Segment Start: Task material
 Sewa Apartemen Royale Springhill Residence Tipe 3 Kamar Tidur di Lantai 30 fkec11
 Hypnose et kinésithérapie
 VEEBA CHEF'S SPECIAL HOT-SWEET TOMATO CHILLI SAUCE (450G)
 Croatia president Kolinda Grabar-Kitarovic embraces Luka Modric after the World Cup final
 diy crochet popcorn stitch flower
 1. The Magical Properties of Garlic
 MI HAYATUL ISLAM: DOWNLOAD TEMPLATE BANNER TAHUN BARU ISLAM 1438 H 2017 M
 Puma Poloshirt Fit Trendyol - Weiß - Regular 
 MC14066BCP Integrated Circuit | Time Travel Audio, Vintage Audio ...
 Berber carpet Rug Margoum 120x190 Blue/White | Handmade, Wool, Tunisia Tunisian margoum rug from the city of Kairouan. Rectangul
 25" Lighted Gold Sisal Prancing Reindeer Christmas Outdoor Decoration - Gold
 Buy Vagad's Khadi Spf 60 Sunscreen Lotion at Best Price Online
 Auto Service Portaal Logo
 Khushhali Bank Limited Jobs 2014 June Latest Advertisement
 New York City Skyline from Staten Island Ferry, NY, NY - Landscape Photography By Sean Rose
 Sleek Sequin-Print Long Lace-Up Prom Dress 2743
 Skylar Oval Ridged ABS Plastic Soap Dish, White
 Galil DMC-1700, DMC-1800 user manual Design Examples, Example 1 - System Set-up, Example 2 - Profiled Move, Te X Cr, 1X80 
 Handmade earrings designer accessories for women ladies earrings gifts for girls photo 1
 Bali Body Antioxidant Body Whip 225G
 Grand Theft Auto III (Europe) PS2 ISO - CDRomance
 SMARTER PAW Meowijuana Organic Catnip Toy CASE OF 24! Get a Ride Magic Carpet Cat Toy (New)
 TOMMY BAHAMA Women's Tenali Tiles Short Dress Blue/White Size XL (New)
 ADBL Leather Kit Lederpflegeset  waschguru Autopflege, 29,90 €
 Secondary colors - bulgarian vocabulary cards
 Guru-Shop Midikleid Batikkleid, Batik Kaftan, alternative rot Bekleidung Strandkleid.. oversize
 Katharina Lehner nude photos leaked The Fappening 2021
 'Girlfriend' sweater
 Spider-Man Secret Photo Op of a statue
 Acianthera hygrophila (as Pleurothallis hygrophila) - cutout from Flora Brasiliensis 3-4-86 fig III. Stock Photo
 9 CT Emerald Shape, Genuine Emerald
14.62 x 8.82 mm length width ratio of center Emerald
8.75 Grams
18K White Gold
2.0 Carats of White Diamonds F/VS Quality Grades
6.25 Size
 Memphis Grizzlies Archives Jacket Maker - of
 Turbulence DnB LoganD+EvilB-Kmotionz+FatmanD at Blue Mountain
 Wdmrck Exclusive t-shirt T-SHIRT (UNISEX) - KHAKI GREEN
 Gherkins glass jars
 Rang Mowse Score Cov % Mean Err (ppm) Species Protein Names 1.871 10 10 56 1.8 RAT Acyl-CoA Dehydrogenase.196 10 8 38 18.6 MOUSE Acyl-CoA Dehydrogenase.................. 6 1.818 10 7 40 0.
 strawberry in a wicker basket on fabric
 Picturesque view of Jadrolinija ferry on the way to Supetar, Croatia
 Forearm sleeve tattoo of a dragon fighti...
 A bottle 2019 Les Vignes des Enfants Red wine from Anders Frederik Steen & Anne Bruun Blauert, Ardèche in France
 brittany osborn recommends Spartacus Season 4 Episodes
Segment End: Task material
What is needed:
Looking back over the data above, restate word for word the lines that begin at the line with "Puma Poloshirt Fit" and end at the line with "Secondary colors - bulgarian", inclusive.

Worked solution:
 Puma Poloshirt Fit Trendyol - Weiß - Regular 
 MC14066BCP Integrated Circuit | Time Travel Audio, Vintage Audio ...
 Berber carpet Rug Margoum 120x190 Blue/White | Handmade, Wool, Tunisia Tunisian margoum rug from the city of Kairouan. Rectangul
 25" Lighted Gold Sisal Prancing Reindeer Christmas Outdoor Decoration - Gold
 Buy Vagad's Khadi Spf 60 Sunscreen Lotion at Best Price Online
 Auto Service Portaal Logo
 Khushhali Bank Limited Jobs 2014 June Latest Advertisement
 New York City Skyline from Staten Island Ferry, NY, NY - Landscape Photography By Sean Rose
 Sleek Sequin-Print Long Lace-Up Prom Dress 2743
 Skylar Oval Ridged ABS Plastic Soap Dish, White
 Galil DMC-1700, DMC-1800 user manual Design Examples, Example 1 - System Set-up, Example 2 - Profiled Move, Te X Cr, 1X80 
 Handmade earrings designer accessories for women ladies earrings gifts for girls photo 1
 Bali Body Antioxidant Body Whip 225G
 Grand Theft Auto III (Europe) PS2 ISO - CDRomance
 SMARTER PAW Meowijuana Organic Catnip Toy CASE OF 24! Get a Ride Magic Carpet Cat Toy (New)
 TOMMY BAHAMA Women's Tenali Tiles Short Dress Blue/White Size XL (New)
 ADBL Leather Kit Lederpflegeset  waschguru Autopflege, 29,90 €
 Secondary colors - bulgarian vocabulary cards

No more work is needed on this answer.